О том, когда, в какой именно час пришла к нашей милой Тусе благодать веры, я узнал из тех же прекрасных записок Л. К. Чуковской:

«Религиозная мысль впервые посетила ее в детстве. Маленькой девочкой, в Выборге, она стояла вечером у окна, слегка раздвинув шторы. За окном, в луче света, опускался снег, и она впервые ощутила огромность вселенной, единство жизни, свою причастность к миру и неизбежность смерти».

Конечно, и в этом случае, я уверен, Тамара Григорьевна рассказывала не этими словами и даже не совсем о том. И все-таки честь и слава Лидии Корнеевне, так хорошо написавшей этот зимний вечер в Выборге и маленькую задумавшуюся девочку у раздвинутой шторы...

Сама Лидия Корнеевна, к сожалению, совершенно глуха ко всему, что в ее устах и на языке ее круга именуется мистикой. Вспомнилось, как однажды, задолго

еще до войны, говорила мне с улыбкой и огорчением Тамара Григорьевна:

— Представьте себе, — Лида мне сказала сегодня, что не верит в религиозность Анны Андреевны Ахматовой, считает все церковные мотивы в ее стихах — одной только «поэтикой»...

Впоследствии, узнав лучше Ахматову, а потом и близко подружившись с нею, Лидия Корнеевна не могла не изменить это свое мнение. Хотя верующий интеллигентный человек по-прежнему оставался — и остается — для нее сфинксом, загадкой, неразгаданной тайной [28] .

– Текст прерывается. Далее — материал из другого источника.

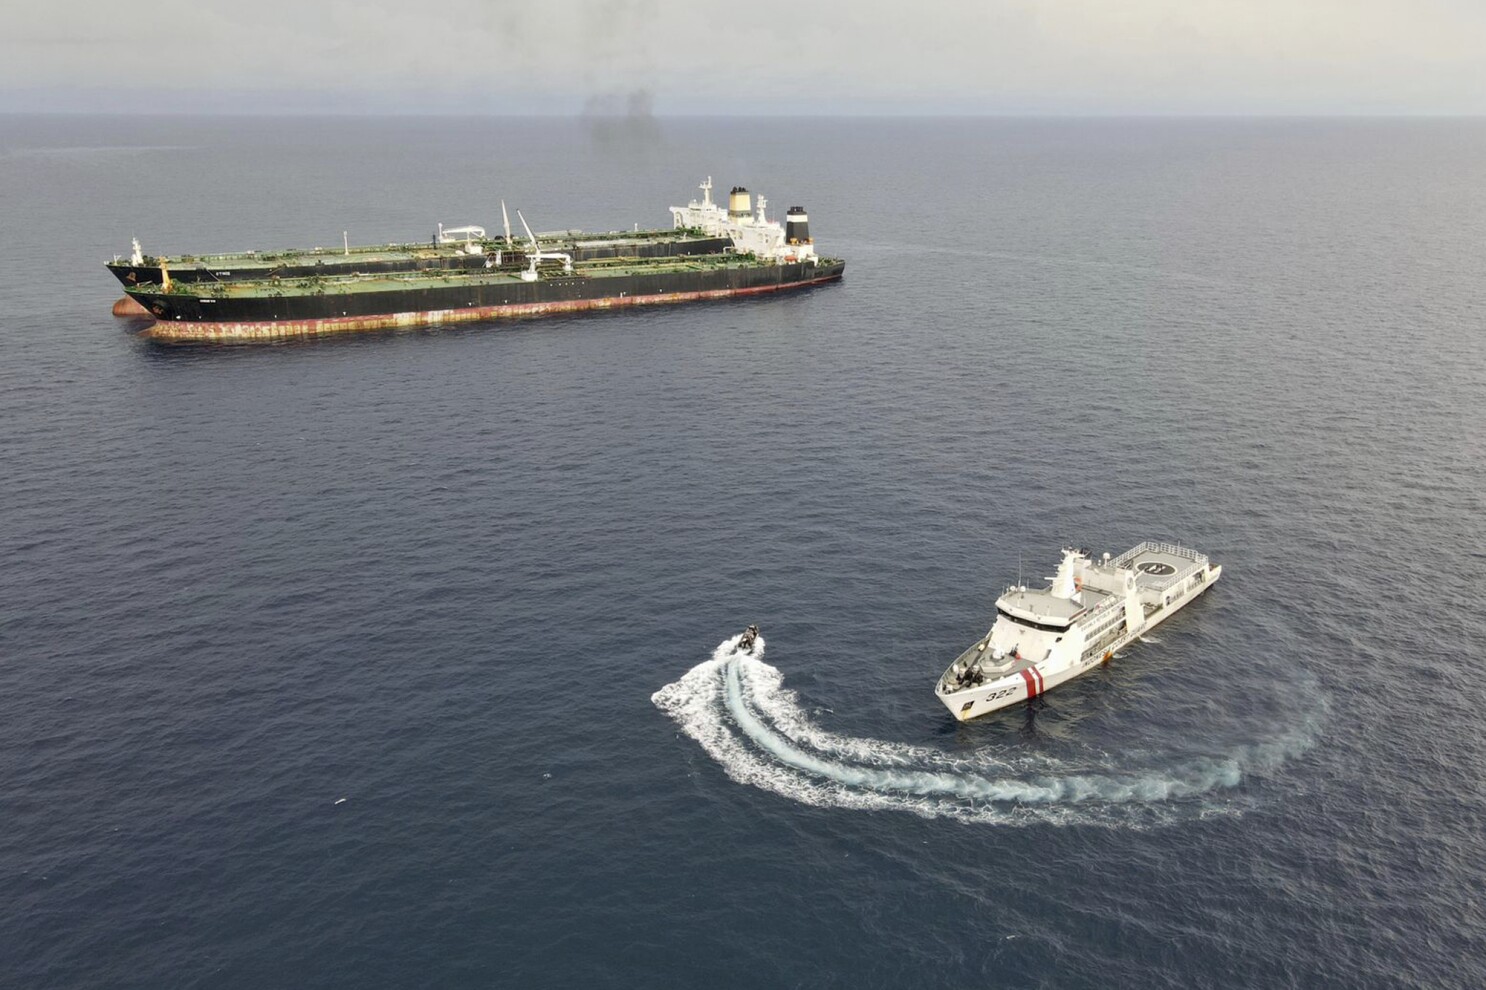 Oil tankers 'go dark' off Venezuela to evade US sanctions

Об Анне Андреевне Ахматовой я здесь говорить не буду. Больше, чем знают о ее религиозности другие, мне знать не дано.

С горькой радостью вспоминаю, как нес к могиле ее гроб. Помню лица толпившихся у ямы. Ближе к яме всё больше члены партии, атеисты. От ленинградского союза писателей выступал с прощальным словом почему-то Нисон Ходза (оболгавший недавно Маршака, написавший в какой-то статье, будто тот «уговорил» его работать над антирелигиозной книжкой [29] ). Из Москвы приехал неприлично веселый, развязный, бодрый Михалков. Жаловался, что легко оделся, думал — весна. Вижу в толпе — Ник. Григорьева, А. Бейлина, Петра Капицу [30] ... Но перед гробом несли большой деревянный крест, шел с кадилом молодой маленький сердитый батюшка из Никольского собора. Запах табака перебивал запах ладана. Когда гроб поставили, открыли, началась давка, и кто-то крикнул:

28

В своих «Записках об Анне Ахматовой» Лидия Чуковская, рассказывая о хлопотах Ахматовой о репрессированном сыне, Льве Николаевиче Гумилеве, записала: «У нее роковые дни: решается Левино дело... Анна Андреевна, сидя отдельно от нас, поодаль у стола, перелистывала какой-то альбом и тяжело молчала. Иногда мне казалось, что, молча, она шевелит губами: может быть, молится? Я, неверующая, готова молиться вместе с ней» (т. 3. 1952—1962. Париж, УМСА-РRЕSS, 1980, стр. 112—113).

29

Нисон Александрович Ходза (1906—1978), детский писатель, пересказал для детей сказки народов Азии, писал рассказы о В. И. Ленине. Л. Пантелеев имеет в виду автобиографическую заметку Н. Ходзы в журнале «Детская литература» (1971, № 5, стр. 76).

30

Николай Федорович Григорьев (1896—1986), детский писатель; Адольф Моисеевич Бейлин, псевд. — А. Крымов (1911—1970), театровед; Петр Иосифович Капица (р. 1909), писатель.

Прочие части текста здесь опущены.